[Materials provided — start]

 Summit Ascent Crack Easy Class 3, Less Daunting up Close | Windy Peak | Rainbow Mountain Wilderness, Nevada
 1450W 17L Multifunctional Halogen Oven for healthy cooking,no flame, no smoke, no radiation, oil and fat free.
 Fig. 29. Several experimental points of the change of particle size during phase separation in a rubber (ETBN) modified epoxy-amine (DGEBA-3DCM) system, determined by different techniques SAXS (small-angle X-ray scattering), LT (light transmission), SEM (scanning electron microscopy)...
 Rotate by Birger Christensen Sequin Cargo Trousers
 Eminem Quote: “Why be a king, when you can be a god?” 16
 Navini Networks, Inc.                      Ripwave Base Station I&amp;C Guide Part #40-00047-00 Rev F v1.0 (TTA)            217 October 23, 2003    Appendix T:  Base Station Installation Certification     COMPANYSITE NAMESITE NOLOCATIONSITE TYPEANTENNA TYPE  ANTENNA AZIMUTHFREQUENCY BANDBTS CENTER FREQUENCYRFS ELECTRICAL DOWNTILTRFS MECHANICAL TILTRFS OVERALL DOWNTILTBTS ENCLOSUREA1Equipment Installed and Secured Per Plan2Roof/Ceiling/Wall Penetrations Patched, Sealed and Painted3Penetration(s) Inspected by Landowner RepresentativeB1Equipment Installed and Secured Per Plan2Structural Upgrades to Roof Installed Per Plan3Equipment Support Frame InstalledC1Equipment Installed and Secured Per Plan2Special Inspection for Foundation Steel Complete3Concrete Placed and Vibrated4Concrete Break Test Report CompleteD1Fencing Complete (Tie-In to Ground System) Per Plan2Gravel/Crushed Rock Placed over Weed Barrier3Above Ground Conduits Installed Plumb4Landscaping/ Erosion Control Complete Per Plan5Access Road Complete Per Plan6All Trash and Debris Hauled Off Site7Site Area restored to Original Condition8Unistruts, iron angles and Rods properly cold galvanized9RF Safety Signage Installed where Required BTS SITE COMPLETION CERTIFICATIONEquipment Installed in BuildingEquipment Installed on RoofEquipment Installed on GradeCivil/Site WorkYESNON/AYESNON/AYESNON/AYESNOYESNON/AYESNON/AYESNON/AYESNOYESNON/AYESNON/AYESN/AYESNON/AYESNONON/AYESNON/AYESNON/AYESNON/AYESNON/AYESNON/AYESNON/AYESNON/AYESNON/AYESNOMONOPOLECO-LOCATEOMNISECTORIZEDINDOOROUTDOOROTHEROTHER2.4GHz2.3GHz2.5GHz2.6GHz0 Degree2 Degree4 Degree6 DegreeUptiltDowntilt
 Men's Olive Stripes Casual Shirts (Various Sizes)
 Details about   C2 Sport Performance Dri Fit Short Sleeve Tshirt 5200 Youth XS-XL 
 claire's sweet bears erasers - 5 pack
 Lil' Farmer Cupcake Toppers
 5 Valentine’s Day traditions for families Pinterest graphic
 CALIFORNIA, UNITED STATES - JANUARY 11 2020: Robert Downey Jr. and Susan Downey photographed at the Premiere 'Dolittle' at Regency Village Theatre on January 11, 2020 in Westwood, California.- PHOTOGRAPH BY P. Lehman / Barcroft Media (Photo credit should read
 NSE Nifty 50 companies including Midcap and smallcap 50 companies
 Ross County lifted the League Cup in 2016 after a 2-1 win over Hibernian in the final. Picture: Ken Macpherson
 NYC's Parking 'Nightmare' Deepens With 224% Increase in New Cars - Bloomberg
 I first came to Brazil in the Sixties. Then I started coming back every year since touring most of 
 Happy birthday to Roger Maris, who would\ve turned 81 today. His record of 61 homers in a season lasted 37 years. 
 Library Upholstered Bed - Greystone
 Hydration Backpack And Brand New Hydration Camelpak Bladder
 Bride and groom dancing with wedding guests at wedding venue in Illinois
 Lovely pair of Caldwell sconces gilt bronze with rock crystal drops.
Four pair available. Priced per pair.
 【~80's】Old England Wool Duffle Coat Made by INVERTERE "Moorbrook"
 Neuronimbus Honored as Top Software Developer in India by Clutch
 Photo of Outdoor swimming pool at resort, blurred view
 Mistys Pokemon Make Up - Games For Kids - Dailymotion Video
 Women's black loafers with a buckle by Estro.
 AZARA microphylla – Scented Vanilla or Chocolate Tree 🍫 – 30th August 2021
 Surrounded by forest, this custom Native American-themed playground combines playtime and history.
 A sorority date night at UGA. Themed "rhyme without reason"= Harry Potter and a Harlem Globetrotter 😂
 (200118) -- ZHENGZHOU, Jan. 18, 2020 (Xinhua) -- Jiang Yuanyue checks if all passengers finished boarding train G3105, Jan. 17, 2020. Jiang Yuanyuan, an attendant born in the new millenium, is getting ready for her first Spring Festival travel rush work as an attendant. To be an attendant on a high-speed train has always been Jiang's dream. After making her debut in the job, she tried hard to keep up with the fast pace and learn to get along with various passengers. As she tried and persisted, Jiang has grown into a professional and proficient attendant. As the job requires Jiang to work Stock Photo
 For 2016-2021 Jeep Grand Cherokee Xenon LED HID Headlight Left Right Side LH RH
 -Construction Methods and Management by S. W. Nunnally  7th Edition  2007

[Materials provided — finish]

What you will do:
The answer should consist of every line above in which "pair" appears.

Solution for this exercise:
 Lovely pair of Caldwell sconces gilt bronze with rock crystal drops.
Four pair available. Priced per pair.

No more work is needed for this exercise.